> Task requirements
Print each line exactly, from the one with "Selbstklebende Poster Buntes" to the very last line of the listing, and keep the pictures out.

> Provided material
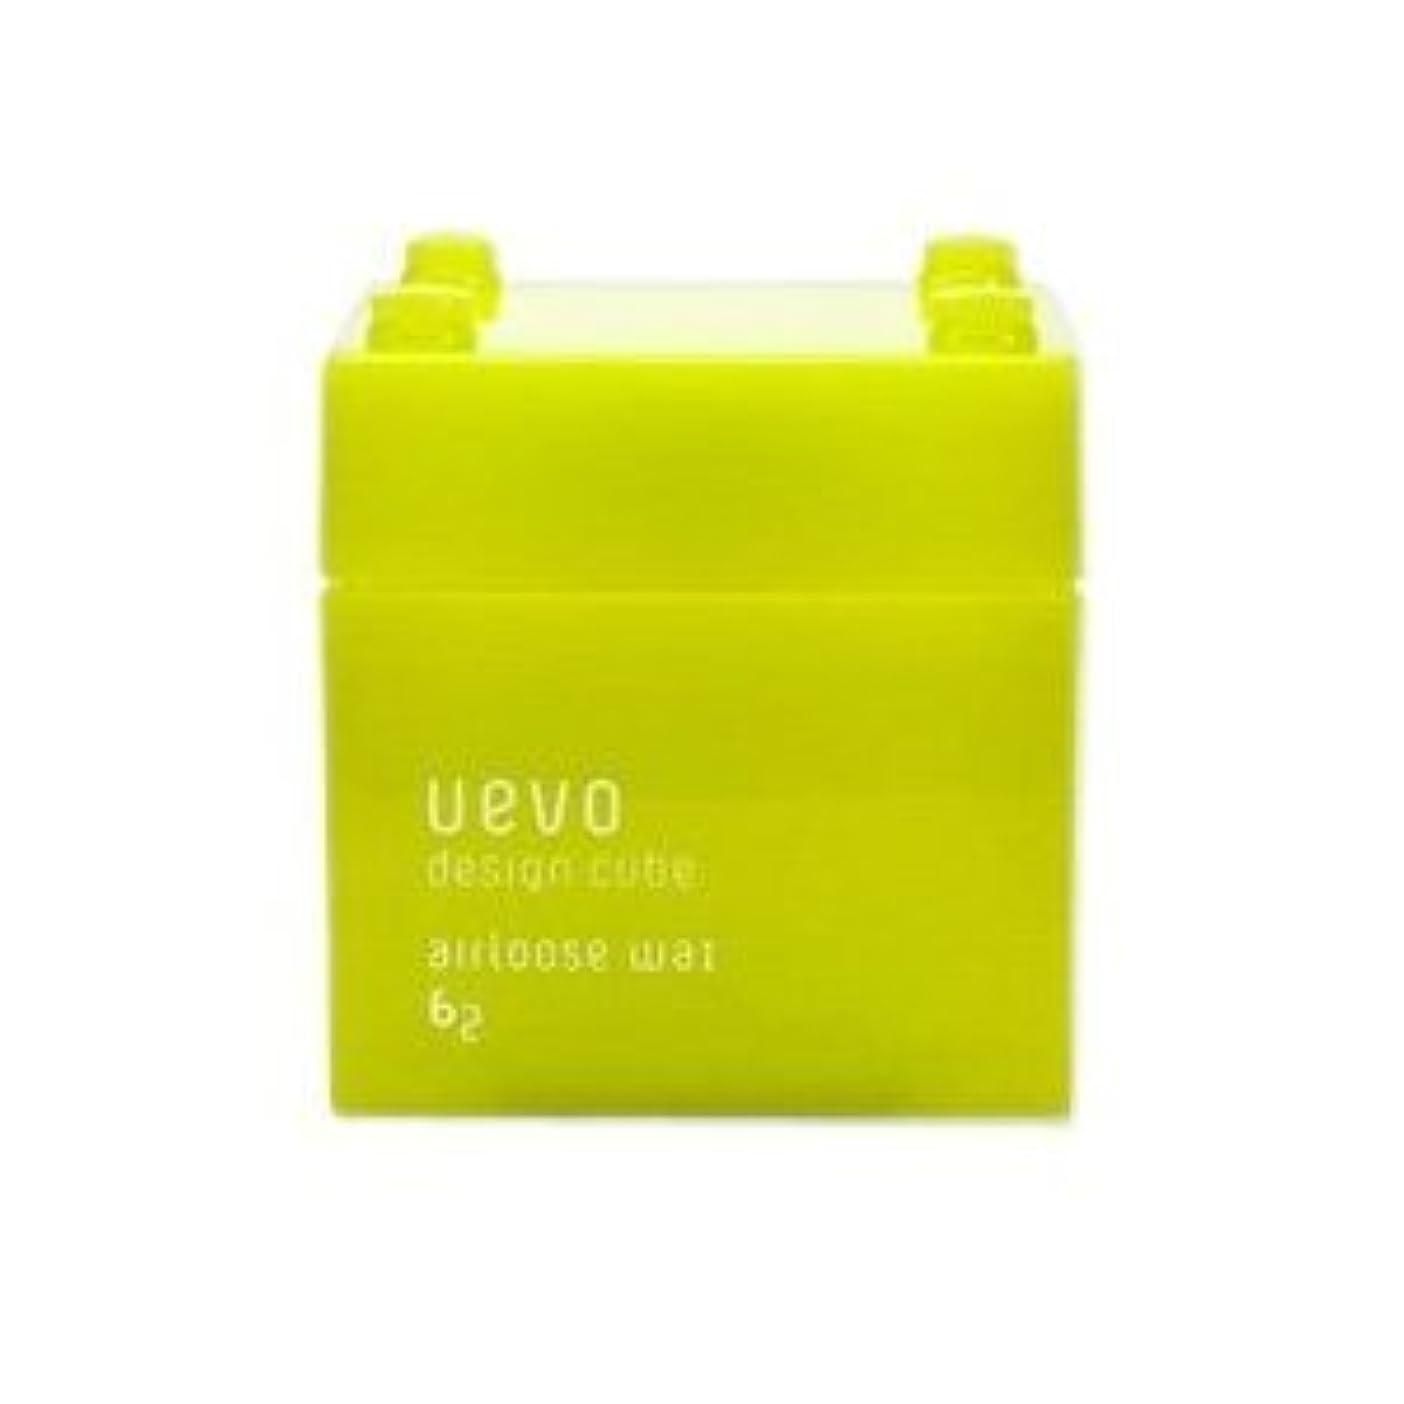 発揮する覗くもろい【X2個セット】 デミ ウェーボ デザインキューブ エアルーズワックス 80g airloose wax DEMI uevo design cube
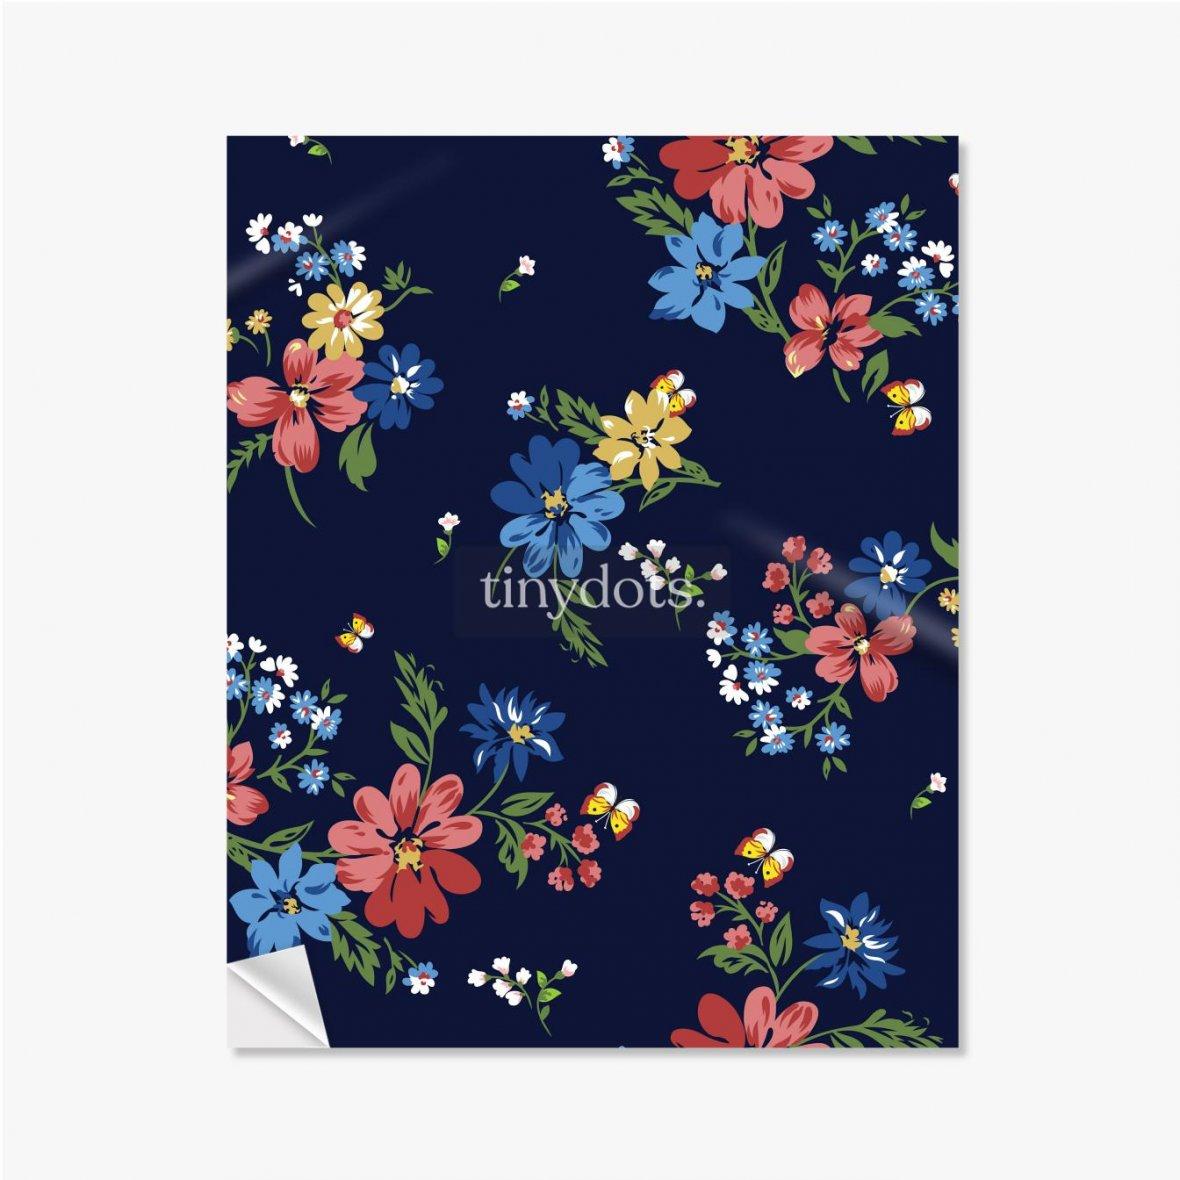 Selbstklebende Poster Buntes Blumenmuster auf einem dunkelblauen Hintergrund
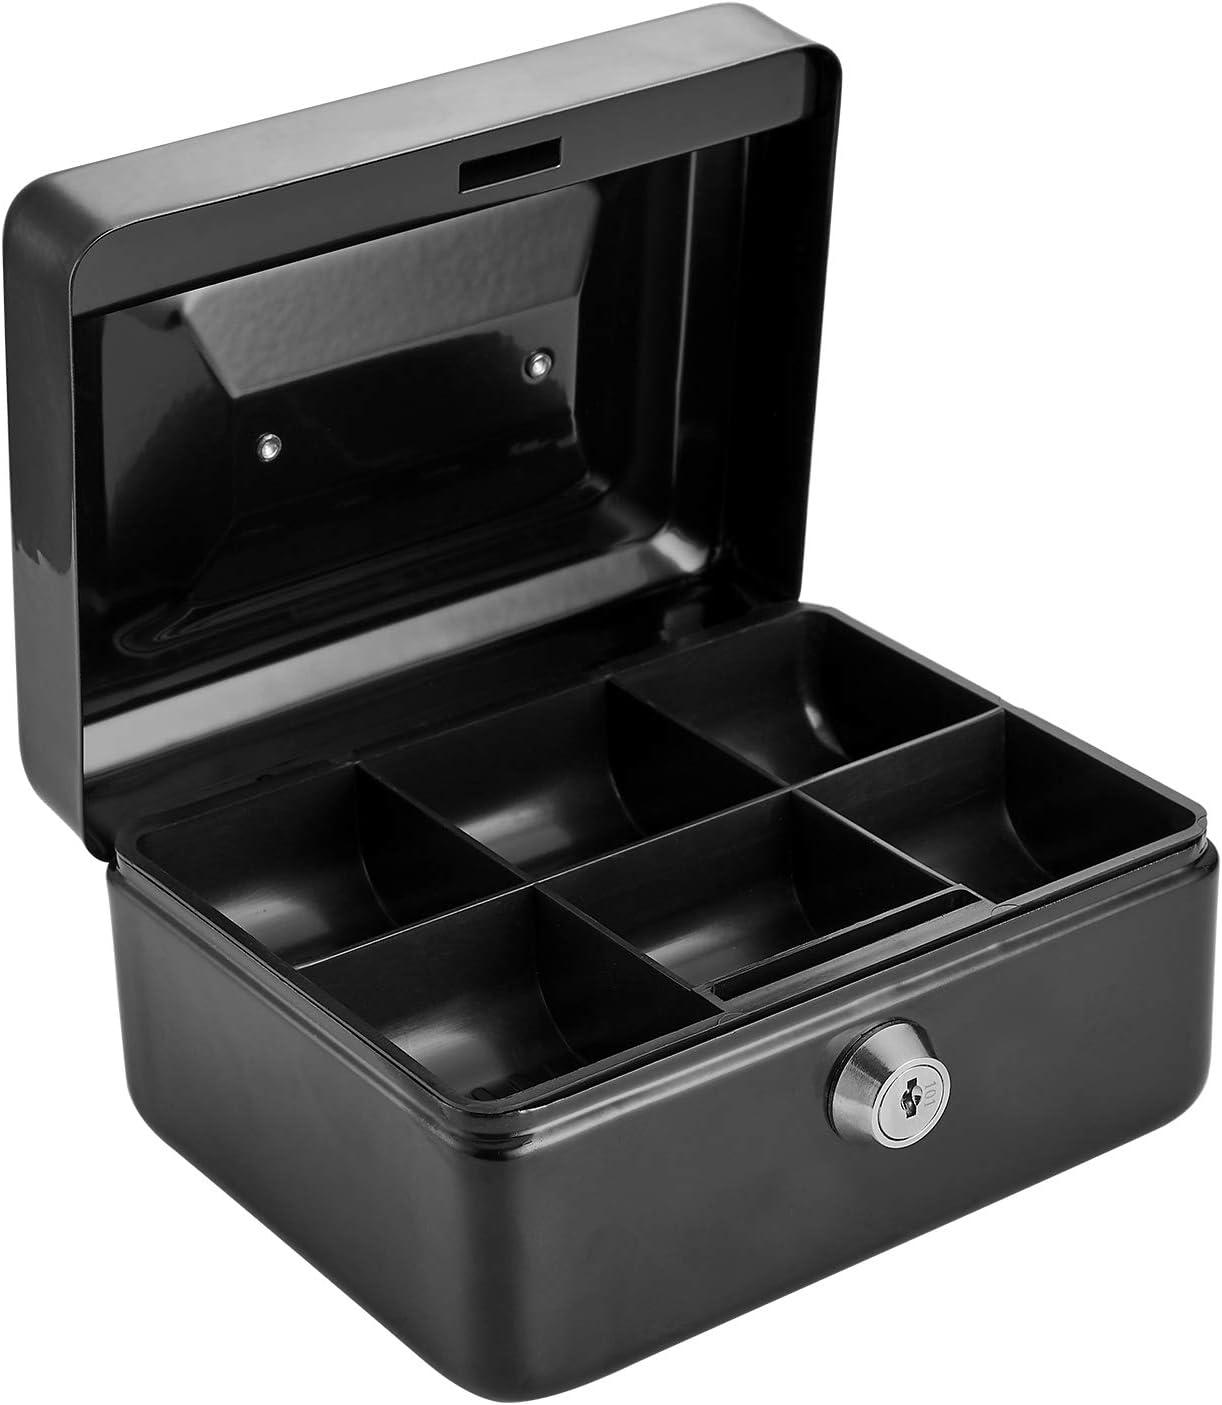 color puede variar 15,2 cm Tech Traders Caja de metal con 2 llaves
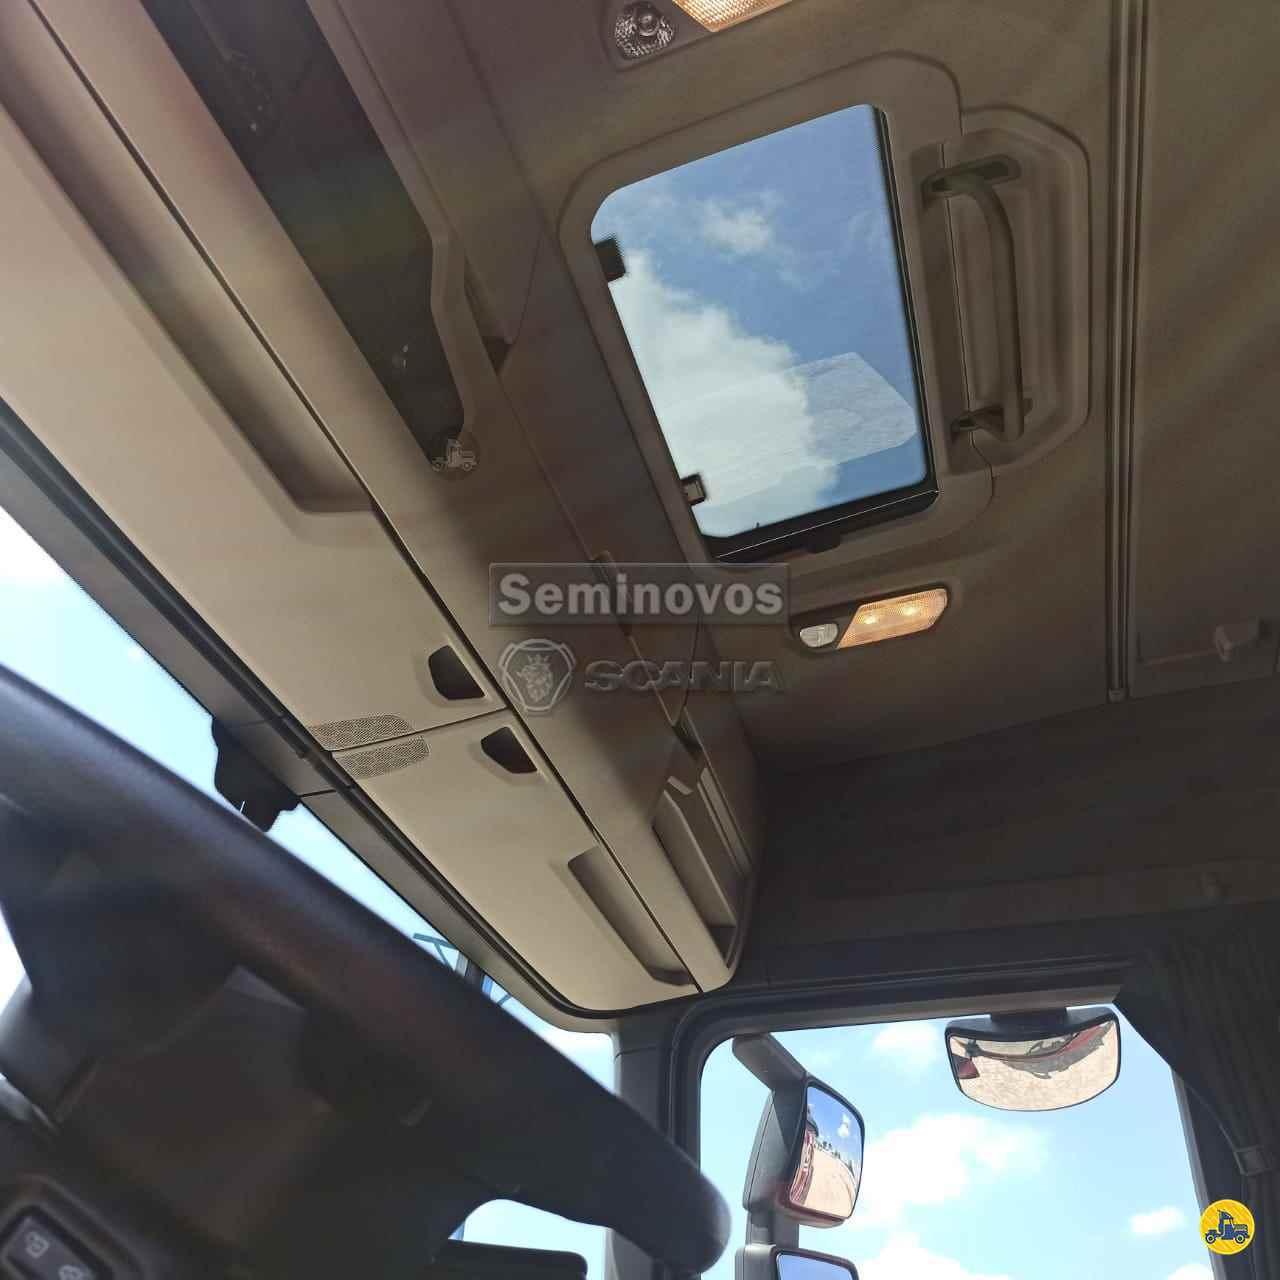 SCANIA SCANIA P320 104000km 2019/2020 Scania Seminovos

> Response box
 Selbstklebende Poster Buntes Blumenmuster auf einem dunkelblauen Hintergrund
 color puede variar 15,2 cm Tech Traders Caja de metal con 2 llaves
 SCANIA SCANIA P320 104000km 2019/2020 Scania Seminovos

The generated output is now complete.